• _Assignment_:
Skip every picture, and copy exactly the lines from the one containing "A truly unique" to the end of the data.

• _Provided material_:

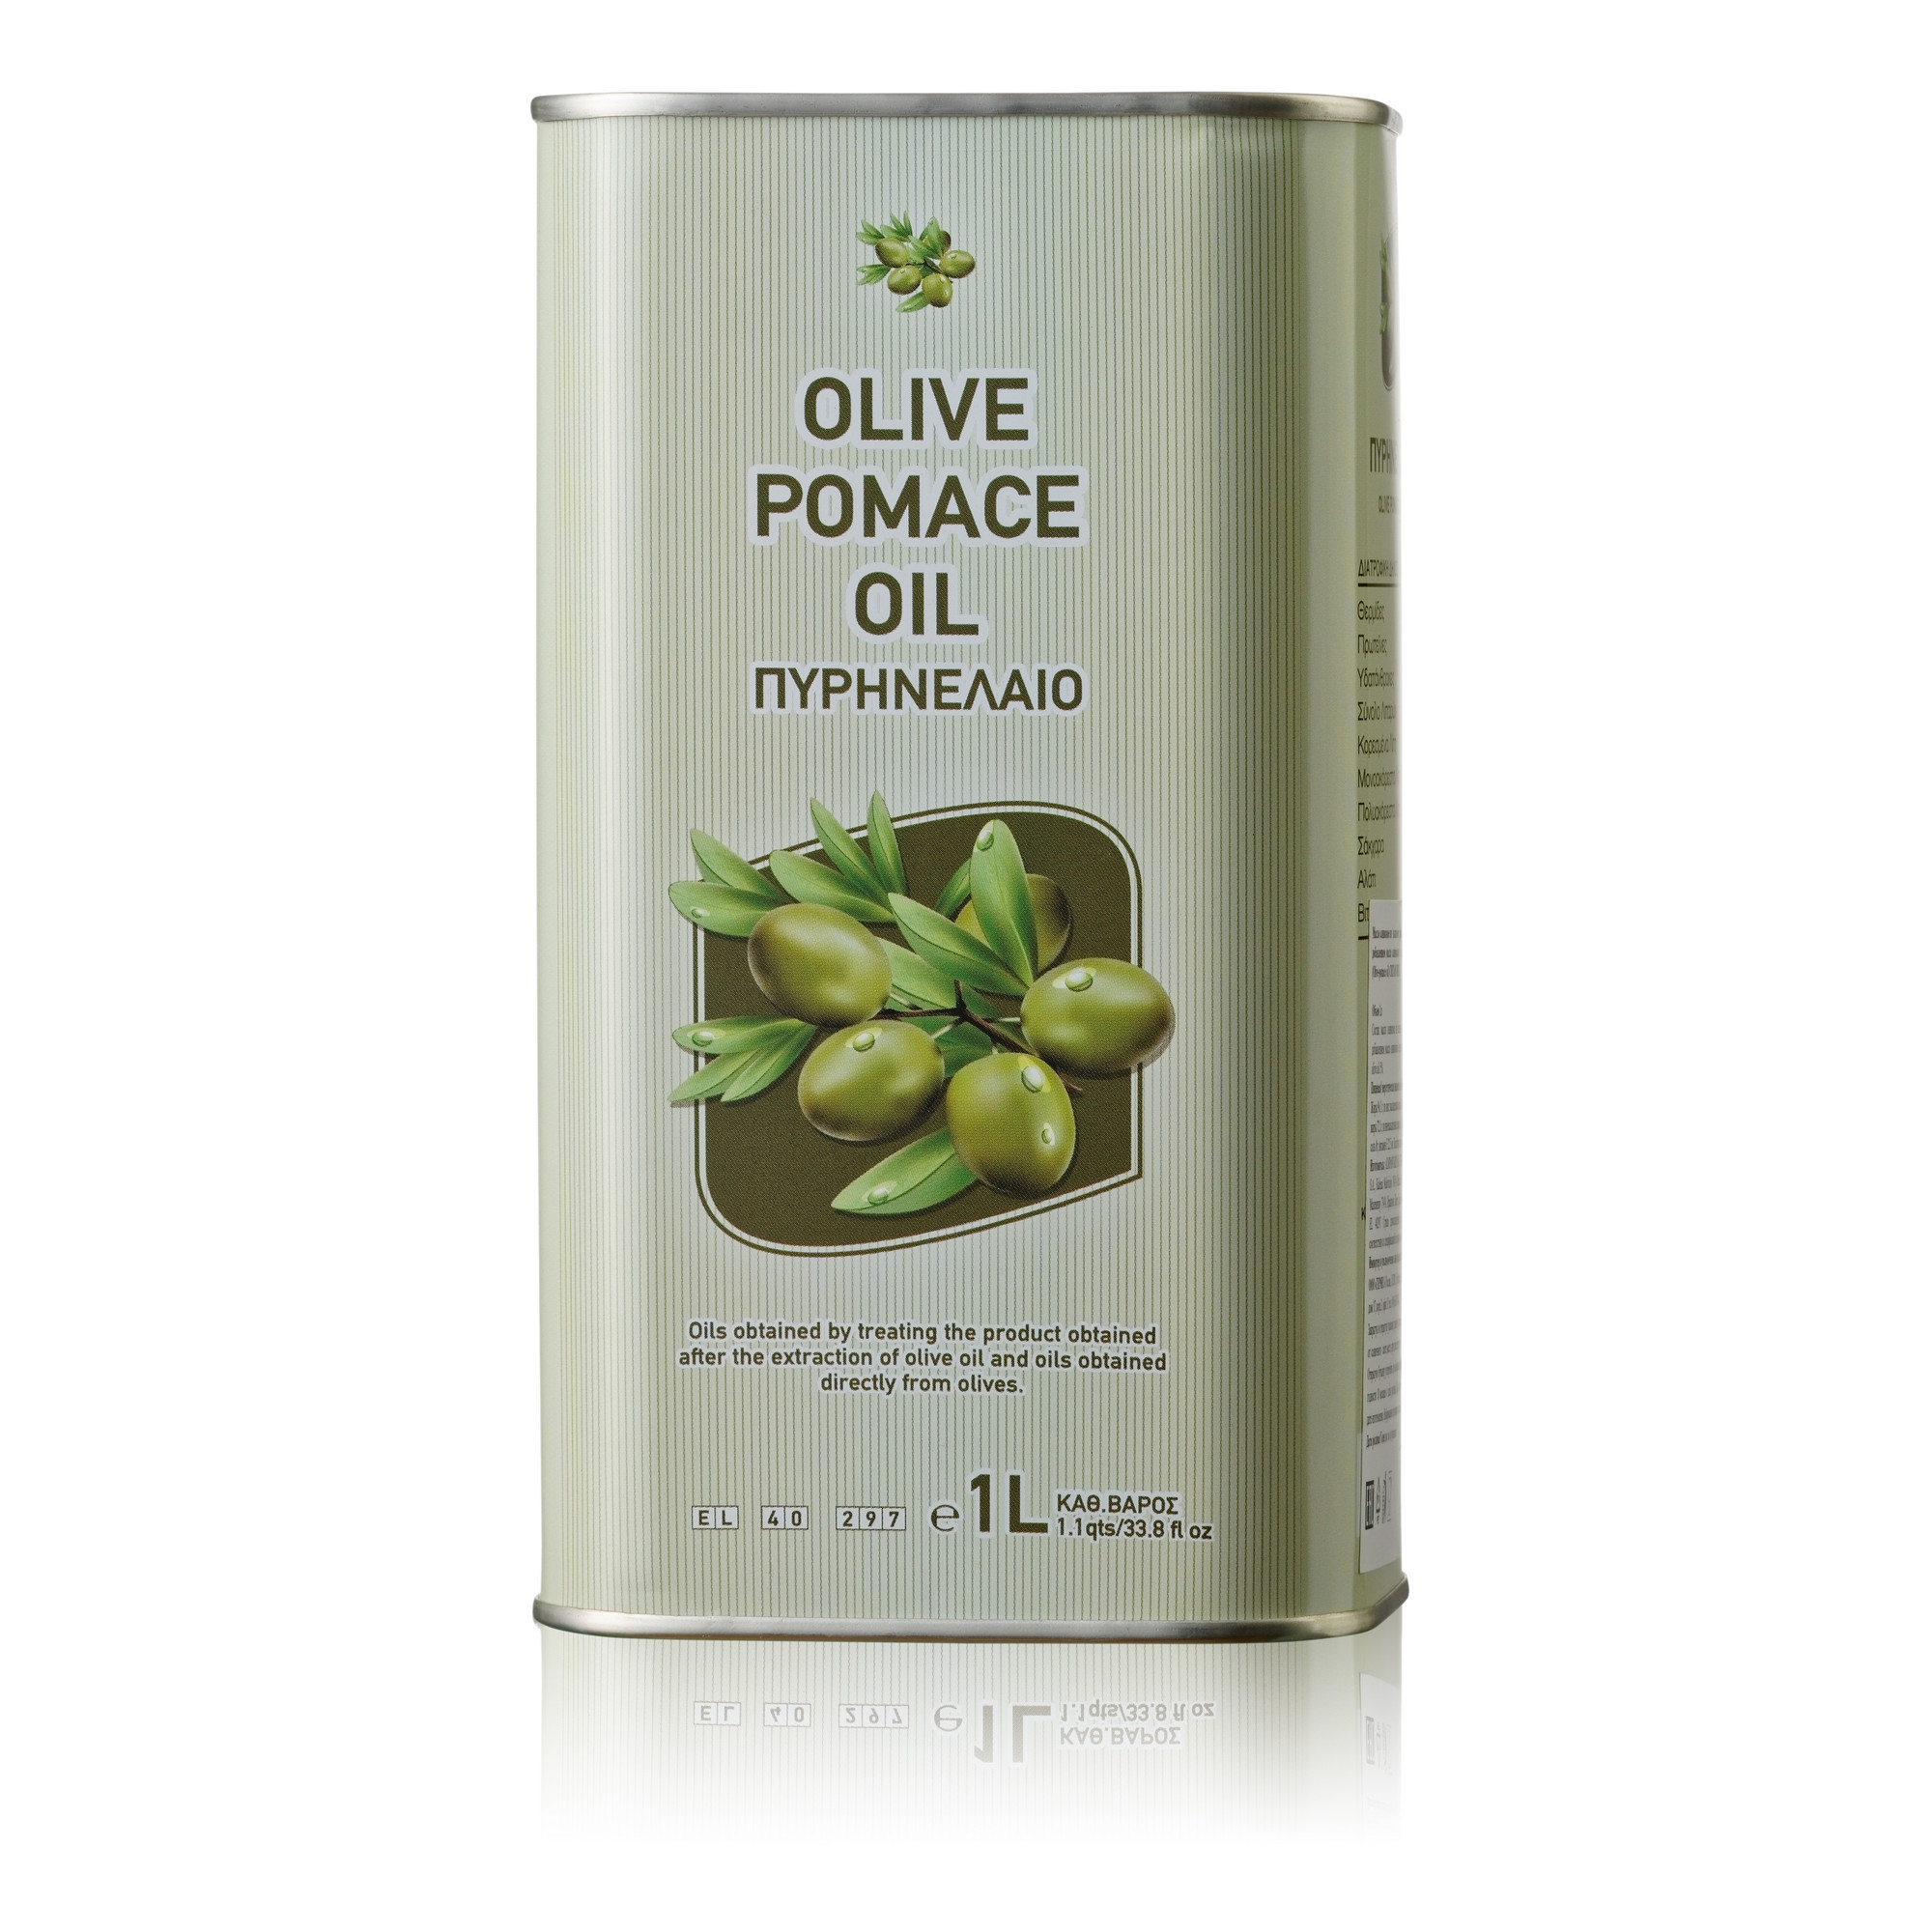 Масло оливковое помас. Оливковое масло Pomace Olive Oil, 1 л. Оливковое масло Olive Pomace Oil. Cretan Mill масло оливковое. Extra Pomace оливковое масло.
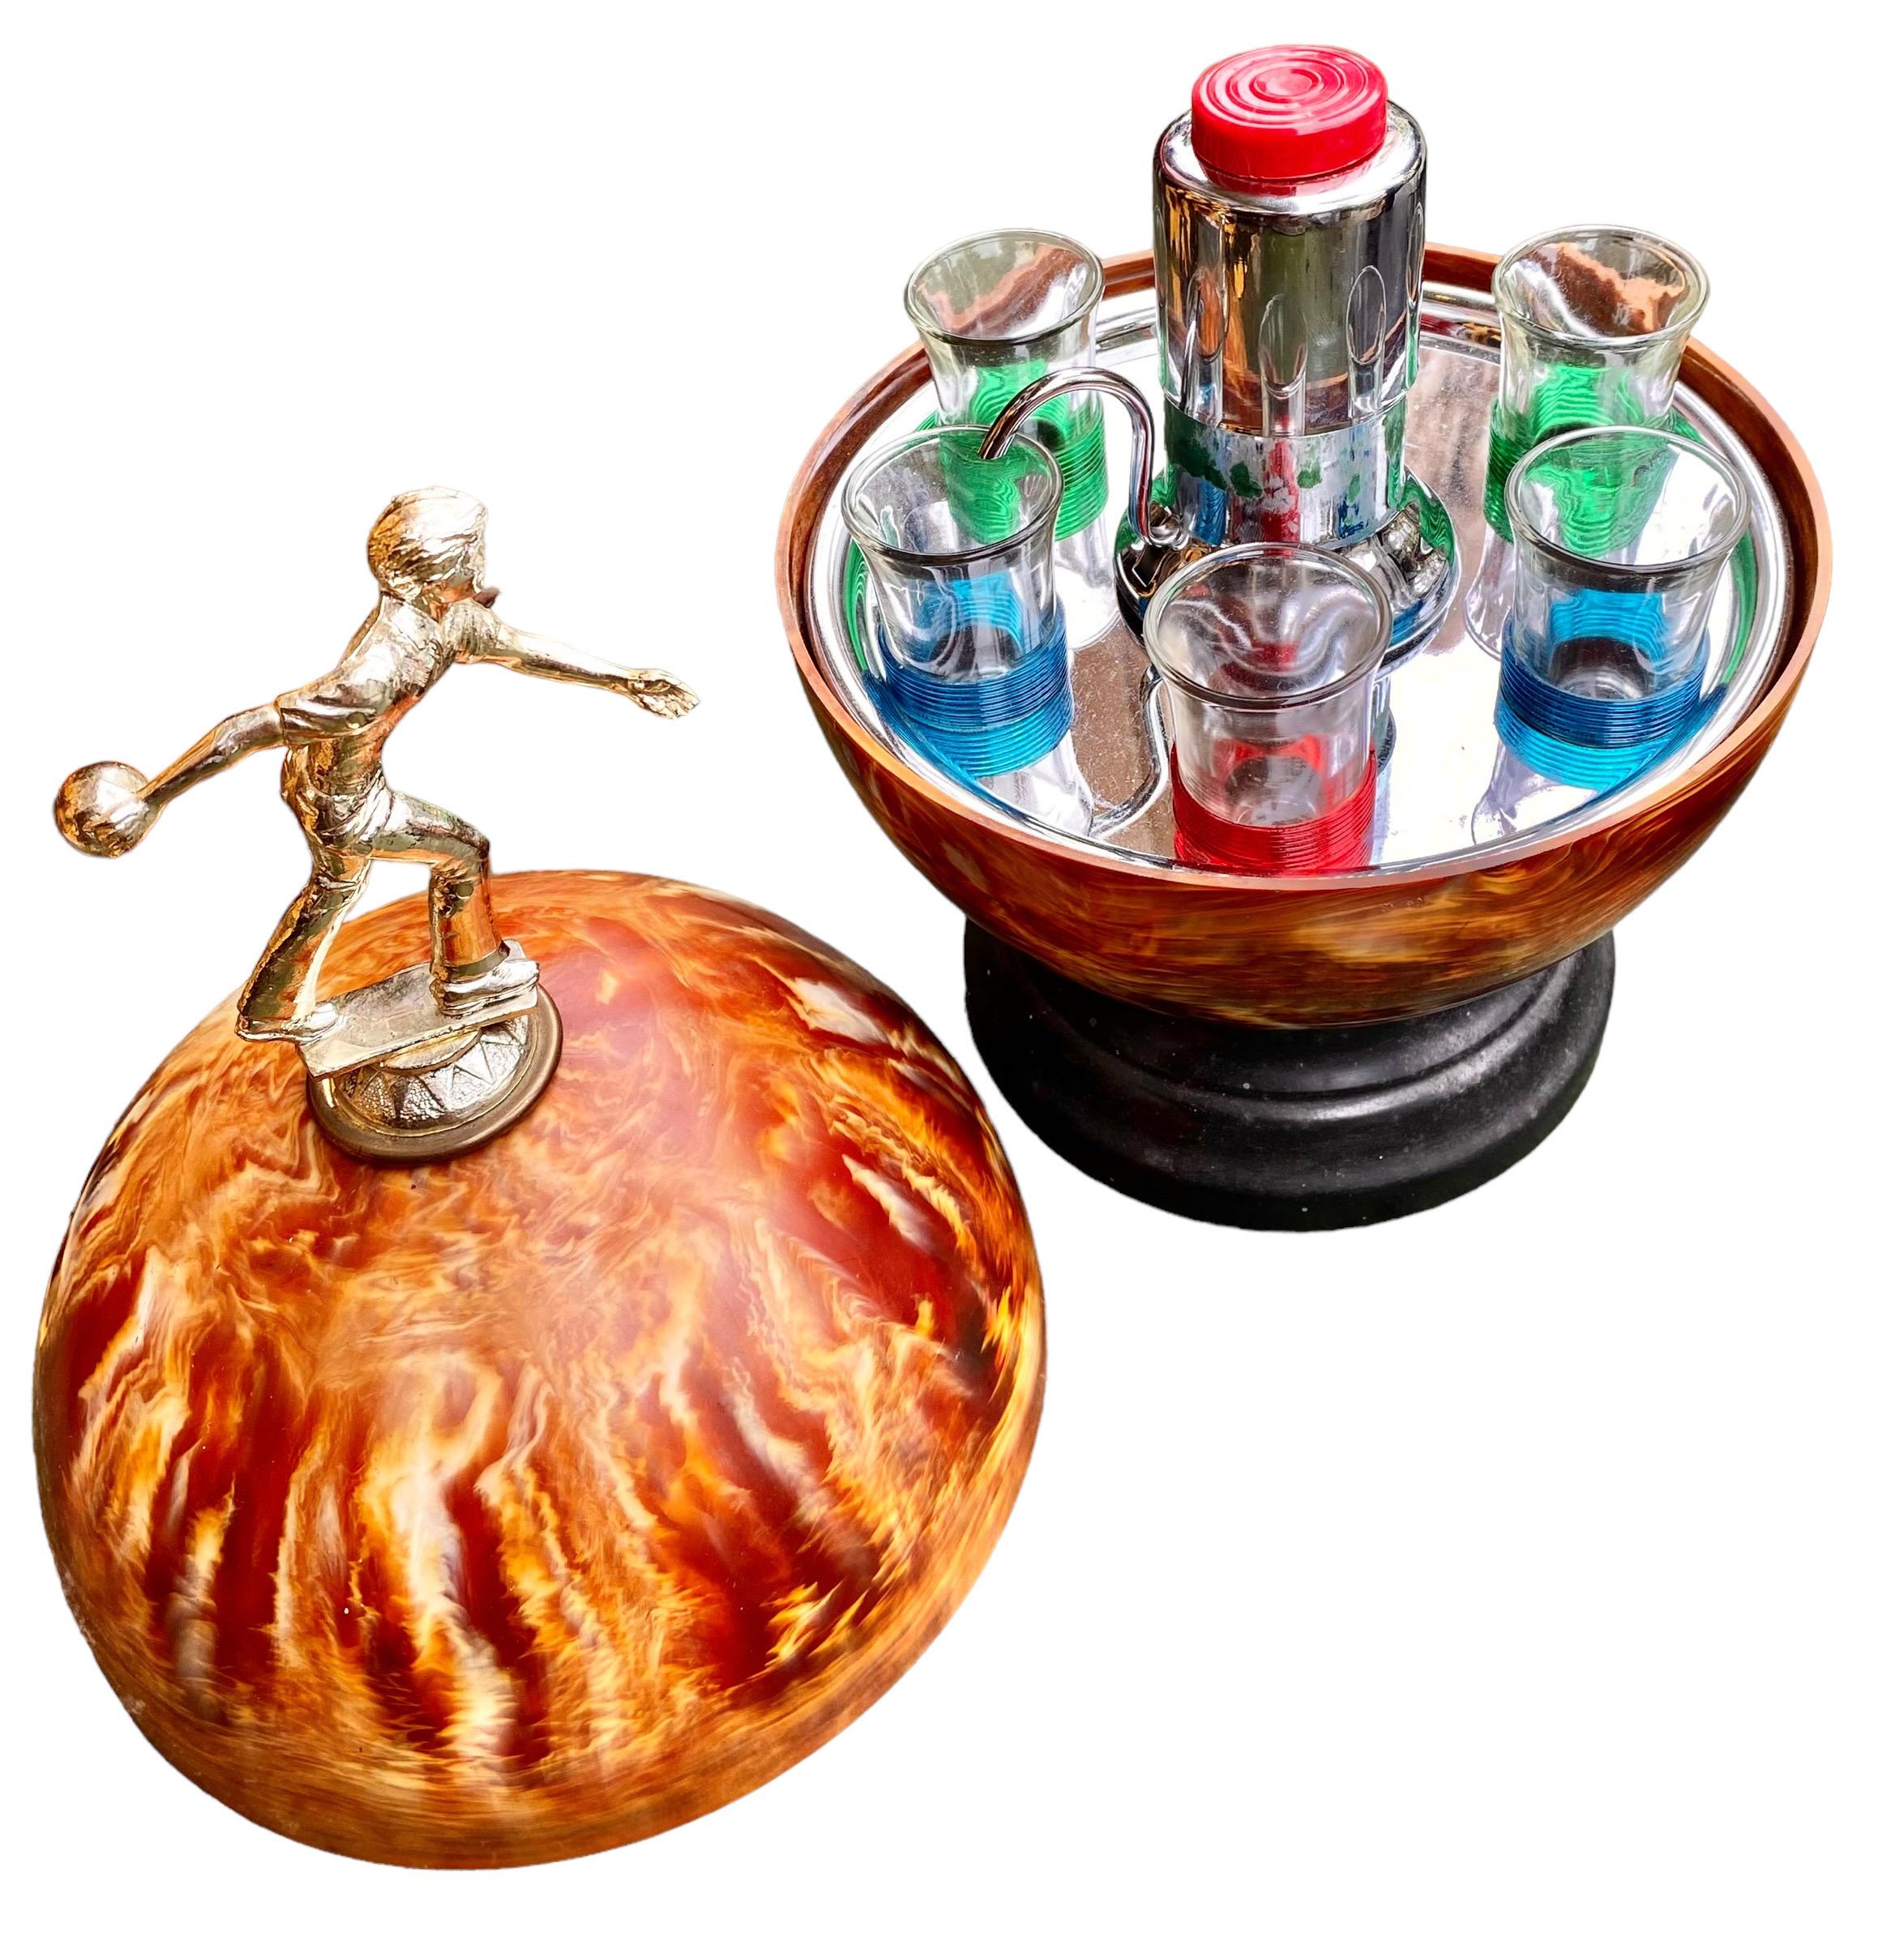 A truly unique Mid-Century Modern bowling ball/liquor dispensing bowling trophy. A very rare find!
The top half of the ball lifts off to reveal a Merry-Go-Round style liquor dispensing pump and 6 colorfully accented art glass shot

• _Response box_:
 A truly unique Mid-Century Modern bowling ball/liquor dispensing bowling trophy. A very rare find!
The top half of the ball lifts off to reveal a Merry-Go-Round style liquor dispensing pump and 6 colorfully accented art glass shot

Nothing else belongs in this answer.